------ Entries provided

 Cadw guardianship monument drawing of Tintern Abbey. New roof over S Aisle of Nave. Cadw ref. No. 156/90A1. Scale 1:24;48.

------------
------ Entries provided

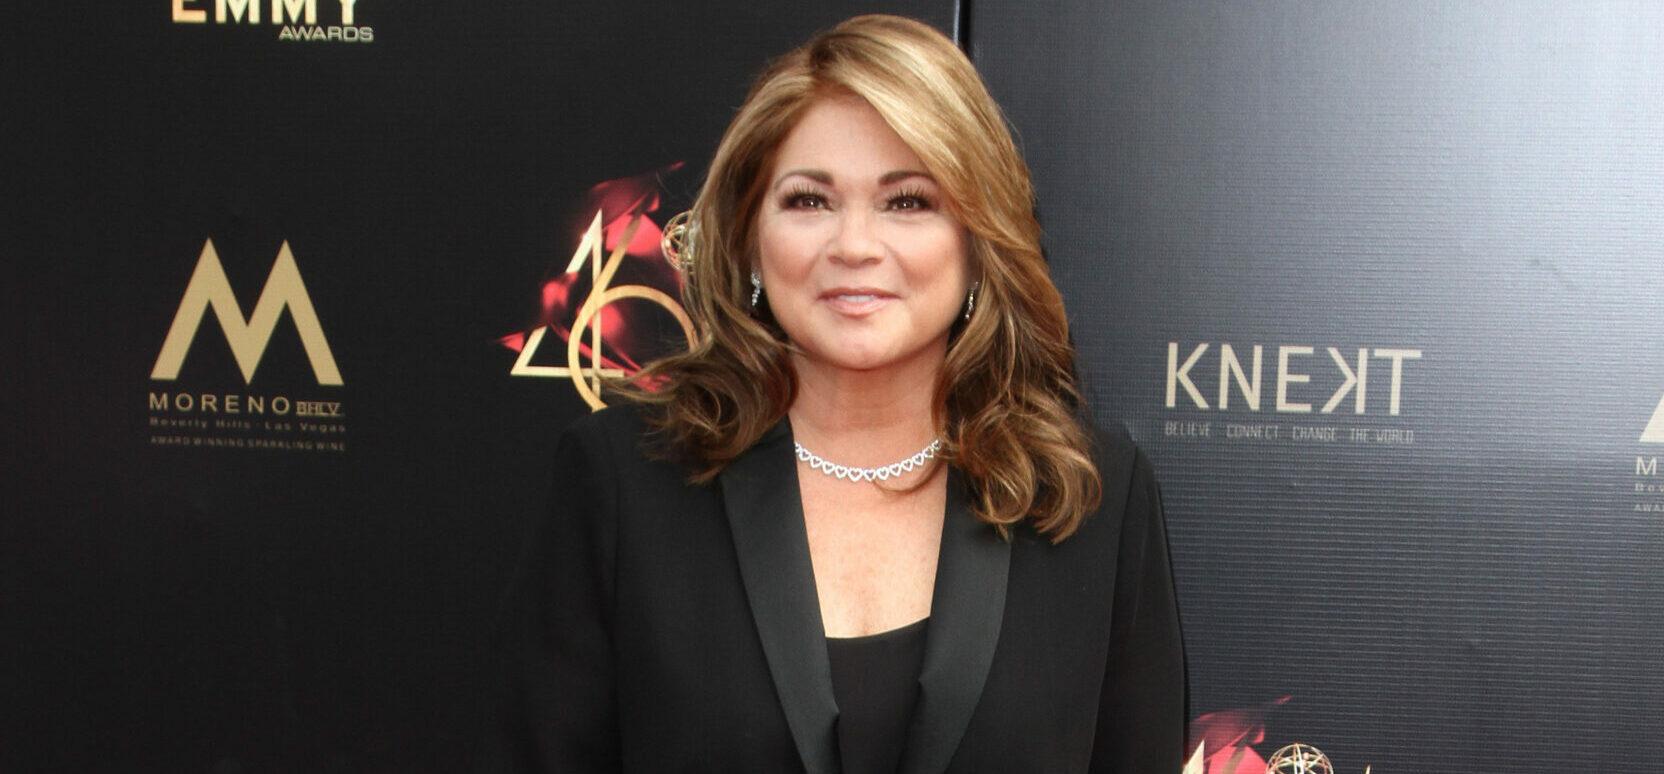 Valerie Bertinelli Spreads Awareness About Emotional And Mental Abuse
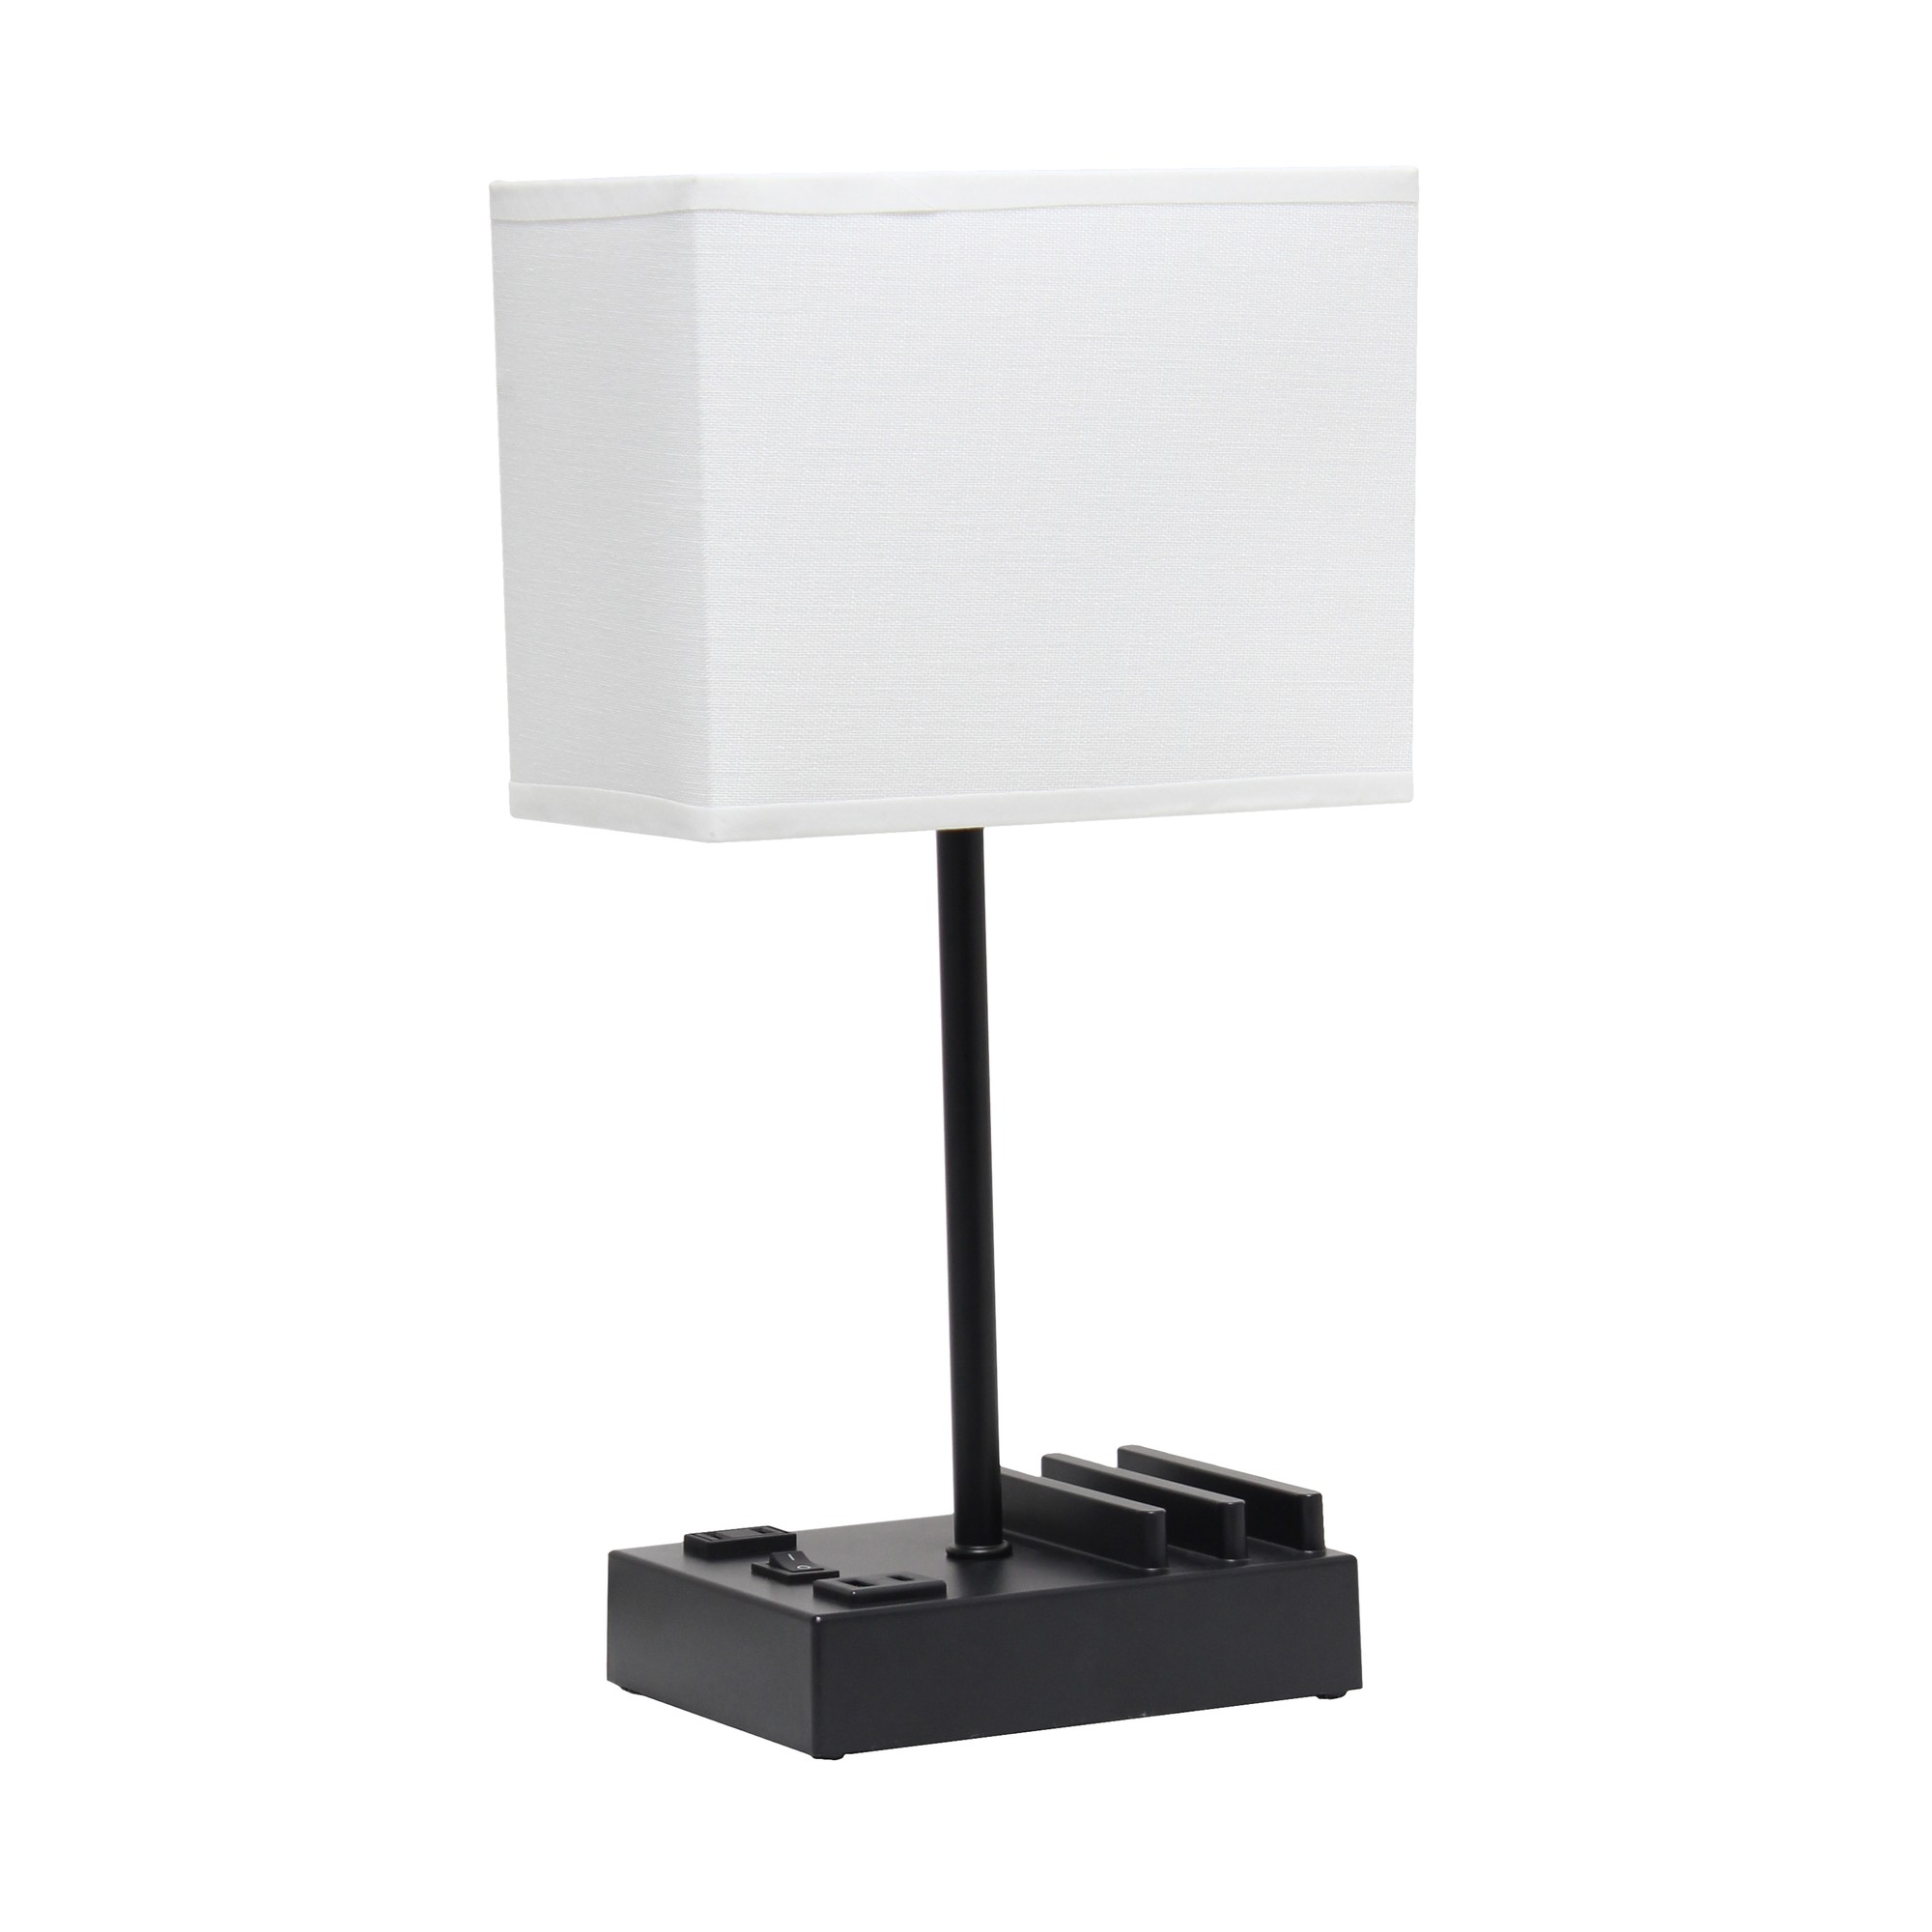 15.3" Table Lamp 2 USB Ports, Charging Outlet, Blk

------------

Copy needed, without pictures: the lines of the listing above from the line containing "Valerie Bertinelli Spreads" up to and including the line containing "Charging Outlet, Blk", set down exactly.

 Valerie Bertinelli Spreads Awareness About Emotional And Mental Abuse
 15.3" Table Lamp 2 USB Ports, Charging Outlet, Blk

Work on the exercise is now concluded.